A form of 'mind-body' therapy that focuses on the role of emotions in physical pain may offer some relief to people with fibromyalgia, a small clinical trial suggests.

The study, of 45 women with fibromyalgia, found that those who learned a technique called "affective self-awareness" were more likely to show a significant reduction in their pain over six months. Overall, 46 percent of the women had a 30-percent or greater reduction in their pain severity, as measured by a standard pain-rating scale.

Fibromyalgia is a syndrome marked by widespread pain -- including discomfort at specific "tender points" in the body -- along with symptoms such as fatigue, irritable bowel and sleep problems. It is estimated to affect up to 5 million U.S. adults, most commonly middle-aged women.

The precise cause of fibromyalgia is unknown -- there are no physical signs, such as inflammation and tissue damage in the painful area -- but some researchers believe the disorder involves problems in how the brain processes pain signals.

Standard treatments include painkillers, antidepressants, cognitive- behavioral therapy and exercise therapy. However, many people with fibromyalgia find that their symptoms -- pain, in particular -- persist despite treatment.
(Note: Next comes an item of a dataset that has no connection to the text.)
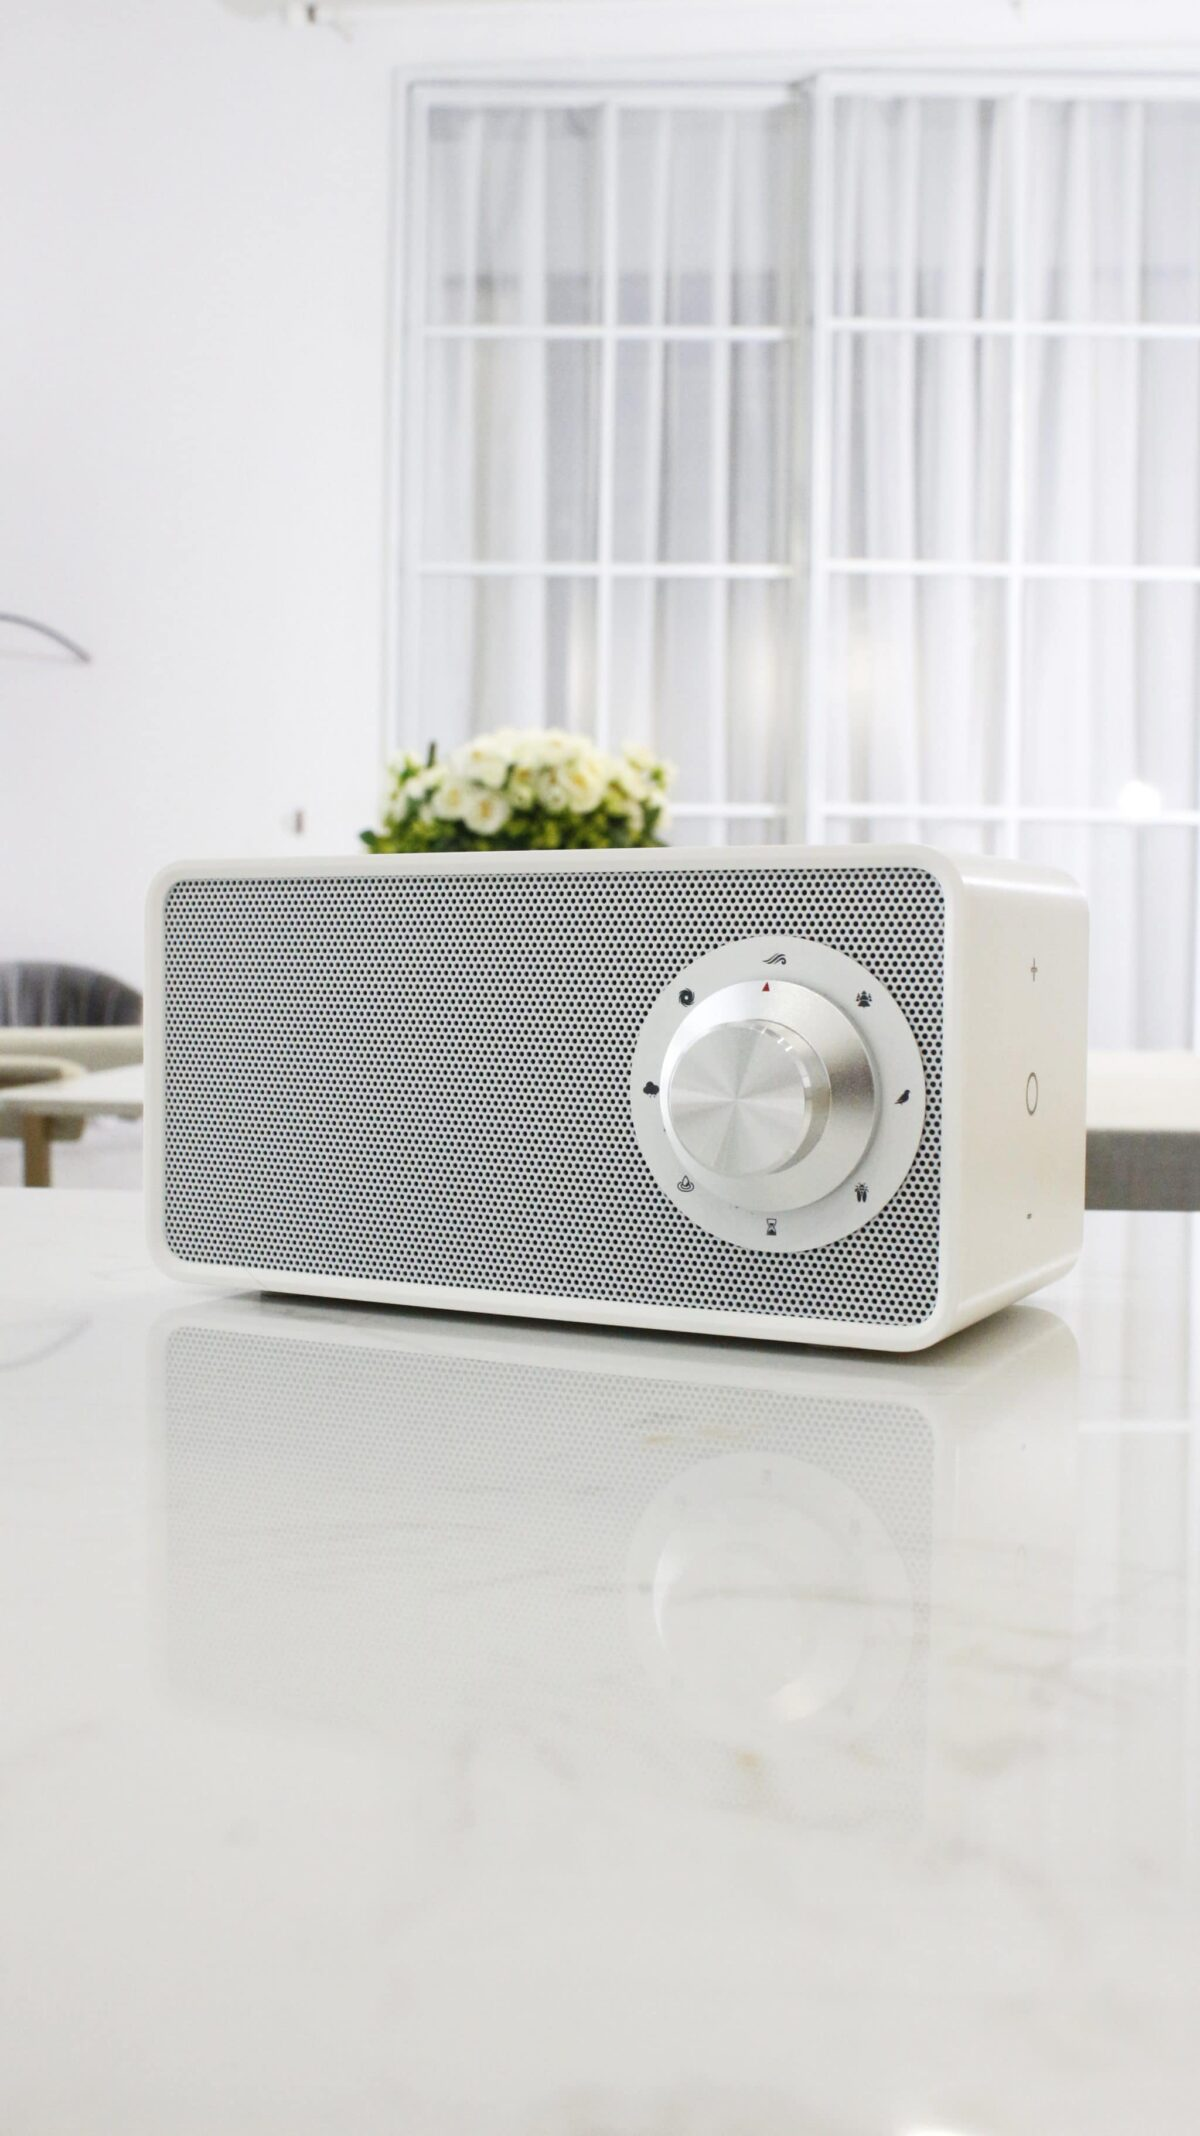 Speaker & draadloos lader white noise sfeer2 - Yipp & Co

Part of that, according to the researchers on the new study, may be because standard treatments do not specifically address the role psychological stress and emotions can play in triggering people's pain.
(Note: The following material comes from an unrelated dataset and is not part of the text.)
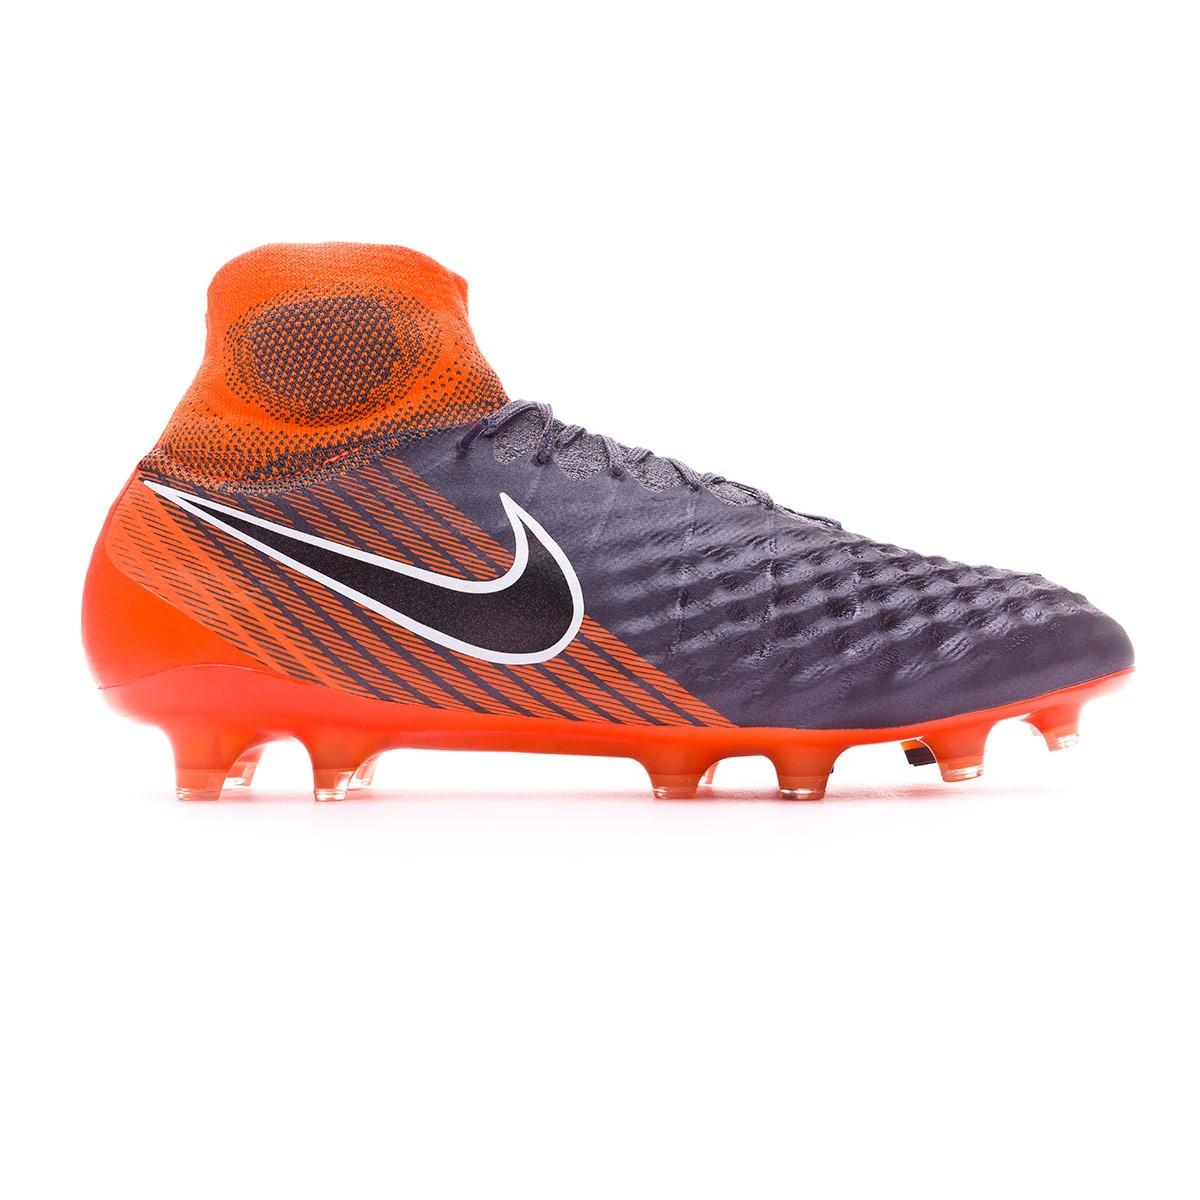 dfca26a505956 Football Boots Nike Magista Obra II Elite DF FG Dark grey-Black-Total orange -White - Tienda de fútbol Fútbol Emotion

That is not to say that the pain people with fibromyalgia feel is "all in their head," stressed Dr. Howard Schubiner, of St. John Health/ Providence Hospital and Medical Centers in Southfield, Michigan.
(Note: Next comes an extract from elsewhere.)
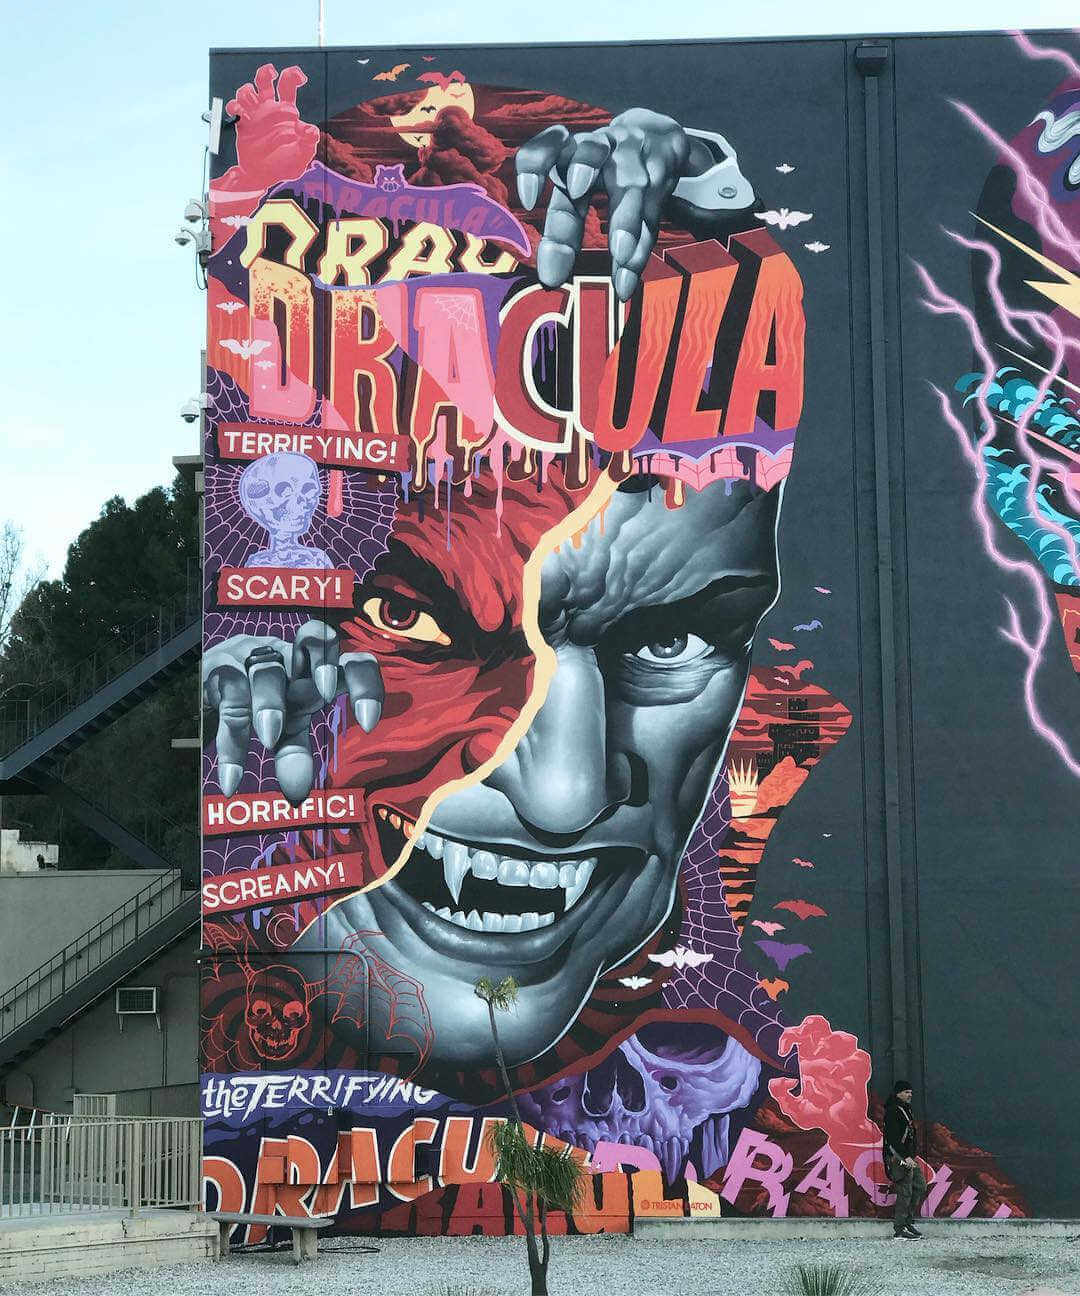 Graffiti de dracula pintado por Tristan Eaton

"The pain is very real," Schubiner said in an interview. But, he explained, pain and emotions are "connected in the brain," and emotional factors may act to trigger "learned nerve pathways" that give rise to pain.

Past studies have found that compared with people without fibromyalgia, those with the disorder have higher rates of stressful life events, such as childhood abuse, marital problems and high levels of job stress. There is also evidence that they are relatively less aware of their own emotions and more reluctant to express their feelings, particularly anger.

For the new study, published in the Journal of General Internal Medicine, Schubiner and his colleagues tested the effects of affective self-awareness -- a technique Schubiner developed and uses in treating certain chronic-pain conditions -- on fibromyalgia.

They randomly assigned 45 women with the condition to either undergo the therapy or go on a wait-list for treatment, serving as a control group. Women in the treatment group each had a one-on-one consultation, then attended three group meetings to learn the affective self-awareness techniques so that they could carry them out on their own.

The therapy involves an educational component where patients learn about the emotion-pain connection. They learn specific techniques -- including mindfulness meditation and "expressive" writing -- for recognizing and dealing with the emotions that may be contributing to their pain. Patients are also encouraged to get back to any exercise or other activities that they have been avoiding due to pain.

Schubiner's team found that six months later, 46 percent of the treatment group had at least a 30-percent reduction in their pain ratings compared with scores at the outset. And 21 percent had a 50-percent or greater reduction.
None of the women in the control group had a comparable improvement.

The study is only the first clinical trial to test affective self-awareness for fibromyalgia, and it had a number of limitations, including its small size. In addition, the control group received no active therapy to serve as a comparison.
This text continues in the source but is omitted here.